Usually we stand or sit on the sidewalk at the upper end of the market. We used to lean several signs against the building and shoppers could read the signs as they strolled to the shops. But then the owner of the building asked us to not put the signs against the building because he didn't want to make a political statement with his property.
Fair enough. We began leaning the signs against the curb and partly in the street. The curb was always open, since the street is closed to auto traffic and parking isn't permitted.
But there's new management at the market.
Last Thursday, my friend Dave -- another inveterate sign holder (and a veteran, too) -- decided to put on orange coveralls and stood on a sturdy plastic box with what appeared to be electric cables in each hand, and a black hood over his head. The reference, alas, was unmistakable.
The new management has put the words "market staff" on some orange vests, and a "staff" person objected to Dave's sign. It read "TORTURE" and depicted Edvard Munch's famous painting, "The Scream."

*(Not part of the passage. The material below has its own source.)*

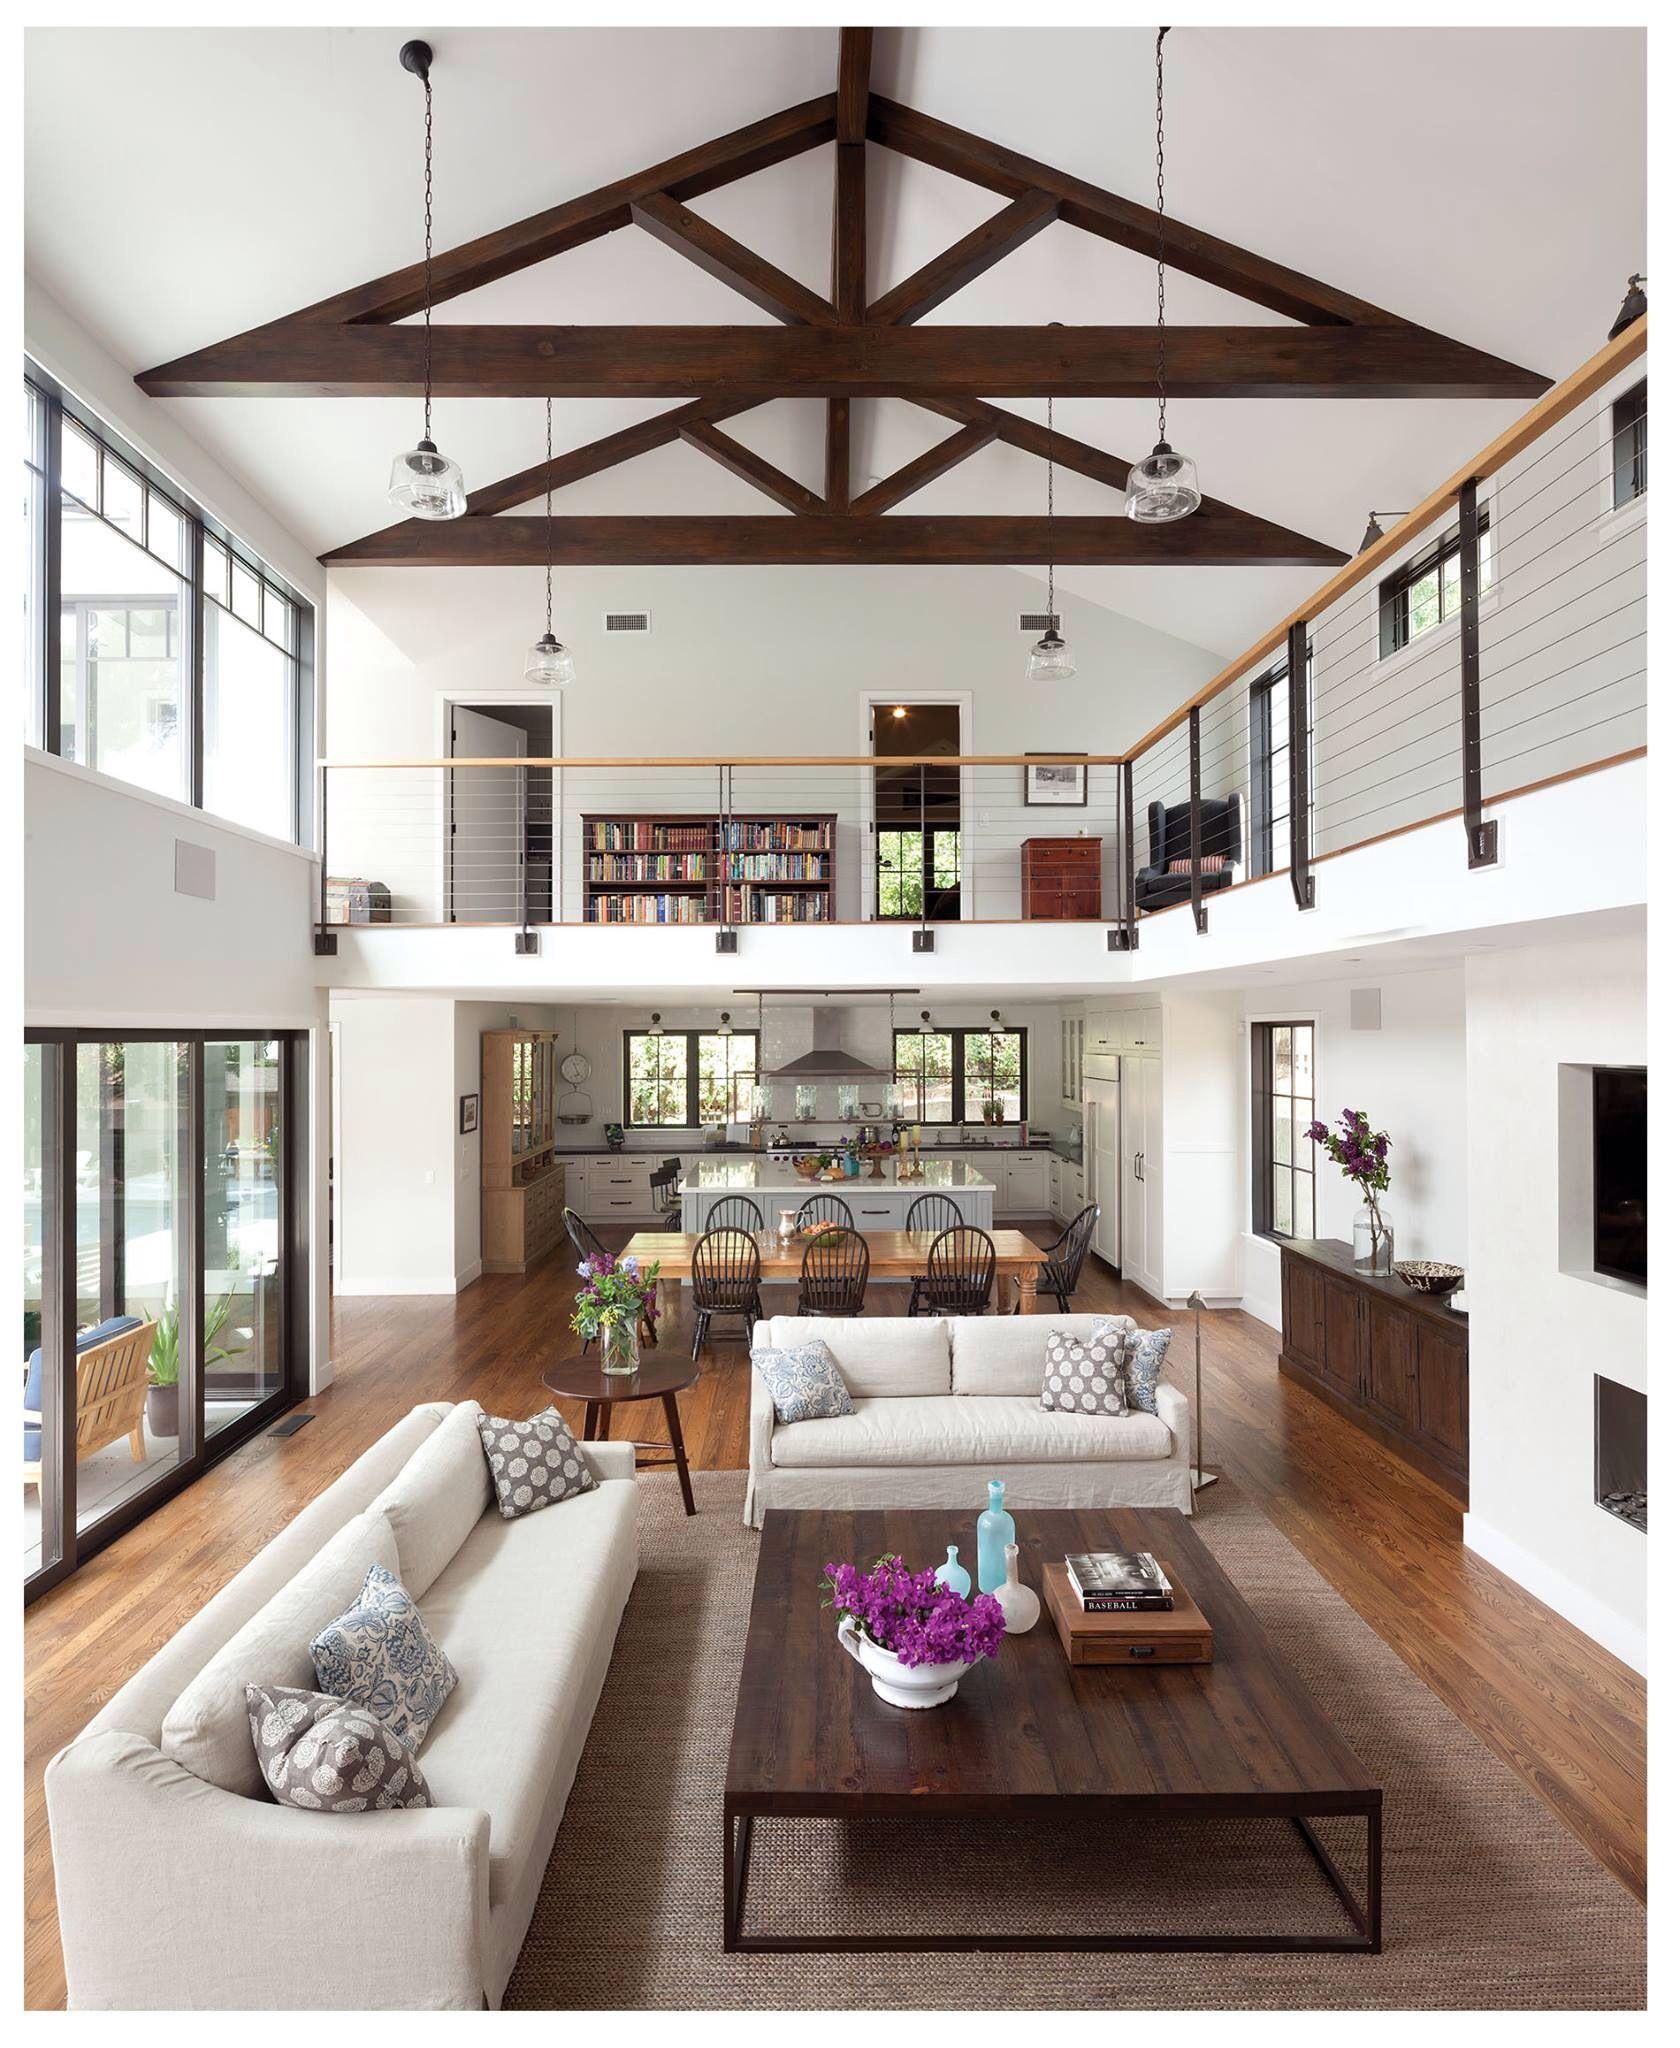 10+ Great Ideas for Modern Barndominium Plans | House plan ...

Dave stood his ground (or rather his box) as he does so well, and the police were called. The police said they got a complaint that "The Scream" was scaring babies and children -- and old folks, too! Dave, most calmly, said to the officer of the law: "I don't see any children crying."

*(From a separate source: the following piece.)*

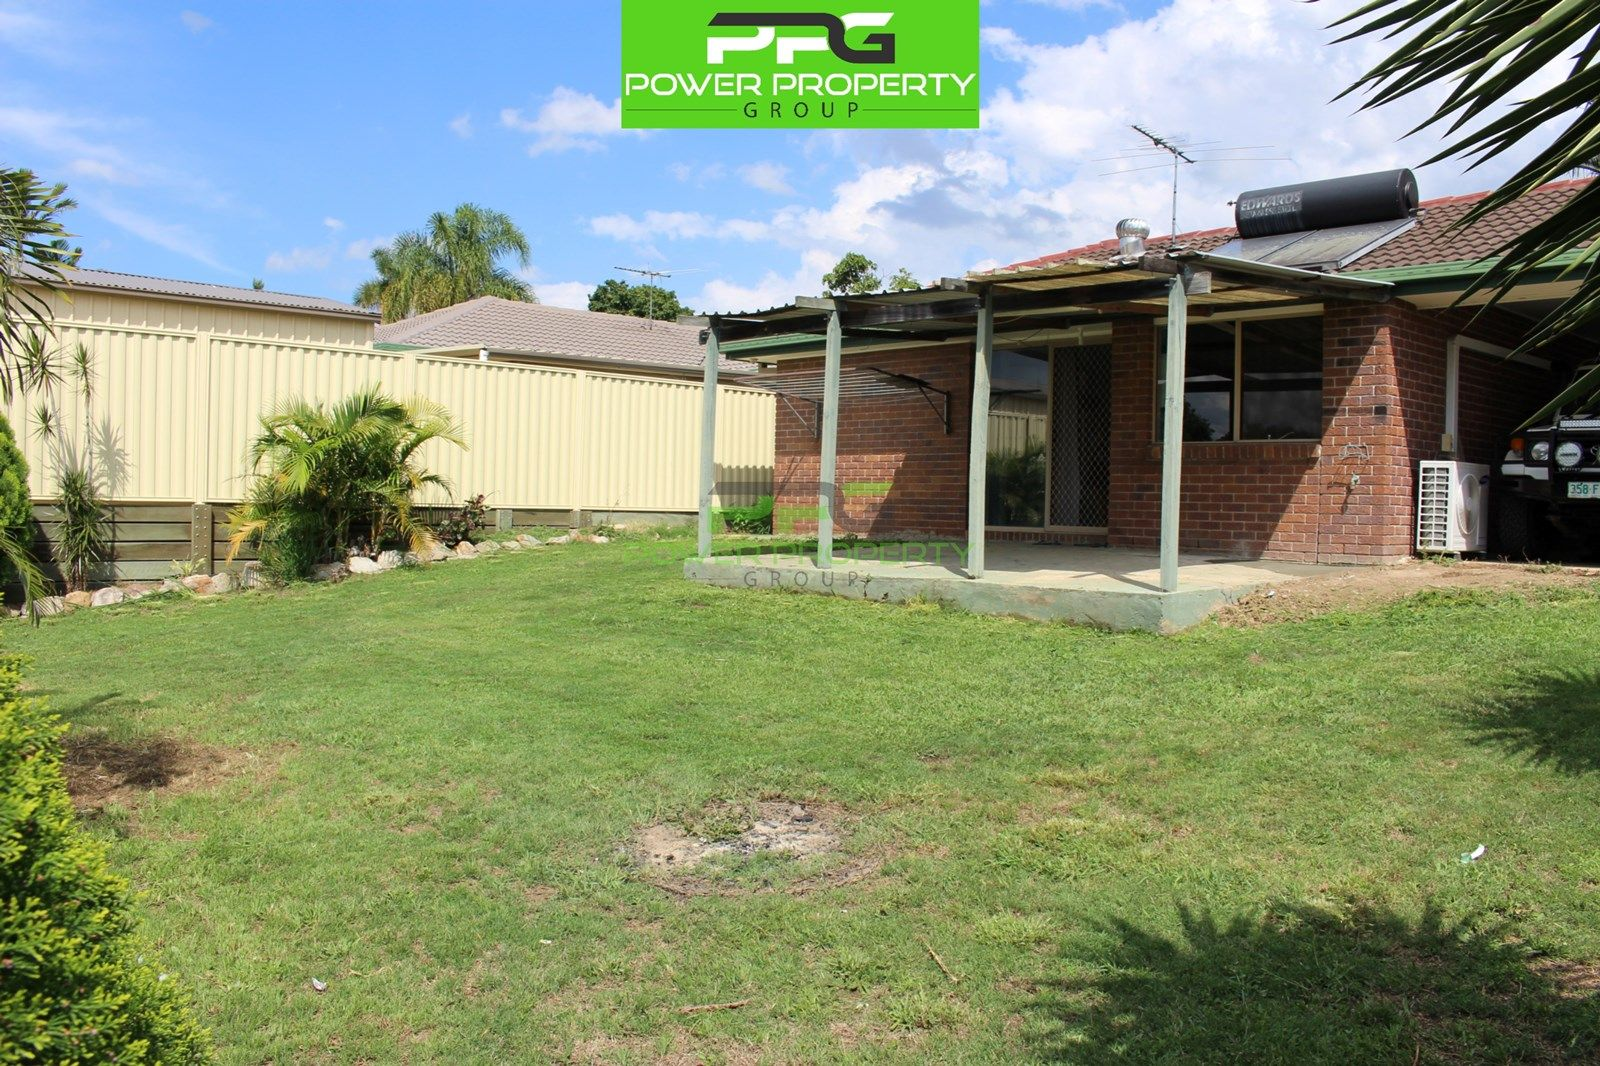 17 Diamantina St, Hillcrest QLD 4118, Image 10

The police looked around and agreed: they didn't see anyone weeping, either. They left after asking Dave please to consider getting a different sign.
Personally, I was impressed with way the police handled the situation. They were fair and they seemed impartial. Isn't this how we want our police to conduct themselves?
THE PLOT THICKENS
This Thursday I arrived at market early, at about 10:15 a.m. I had to leave before Dave and possibly other sign holders showed up at noon. I noticed cars parked along the curb where we usually stand with our signs; this was odd, because the street is closed to car traffic. But there was an open space where I could be seen. So I opened my camp stool and sat down on the sidewalk with my sign. Within ten minutes, a car parked right in front of me, blocking the view of my sign from the shoppers.
The friendly guy that sells flowers and shrubs in the kiosk directly across the street from my position came over. He told me the manager of the market had just told him she was allowing parking at this curb because she wanted to run off the protesters and troublemakers.
I picked up my camp stool and sign and sat down just on the other side of the car. I was somewhat in the street, but there was no auto traffic.
So I there I was sitting when the manager herself approached me. Bending over, she said: "You do know this is a closed street, don't you?"
I screamed at her as loudly as I could: "Then why are these cars here?"
Well, OK. I didn't really scream at her. But I did wonder what she was really trying to tell me. I mean, if the street is closed, then why the cars parked?
What I did say to her was: "If a car comes, I will get out of the way." She nodded and walked away.
I will not dignify this situation with the term "absurd." If, as she says, the street is "closed," then why would a car be coming?
Unfortunately, I had to leave before Dave got there. But I don't want the manager to think she ran me off so I will get there early next Thursday and stay at least until another sign holder shows up.
Wouldn't that be something if about five or six people showed up to hold up signs?
--Joe Thompson has been at this for a long time and is a member of United for Peace of Pierce County.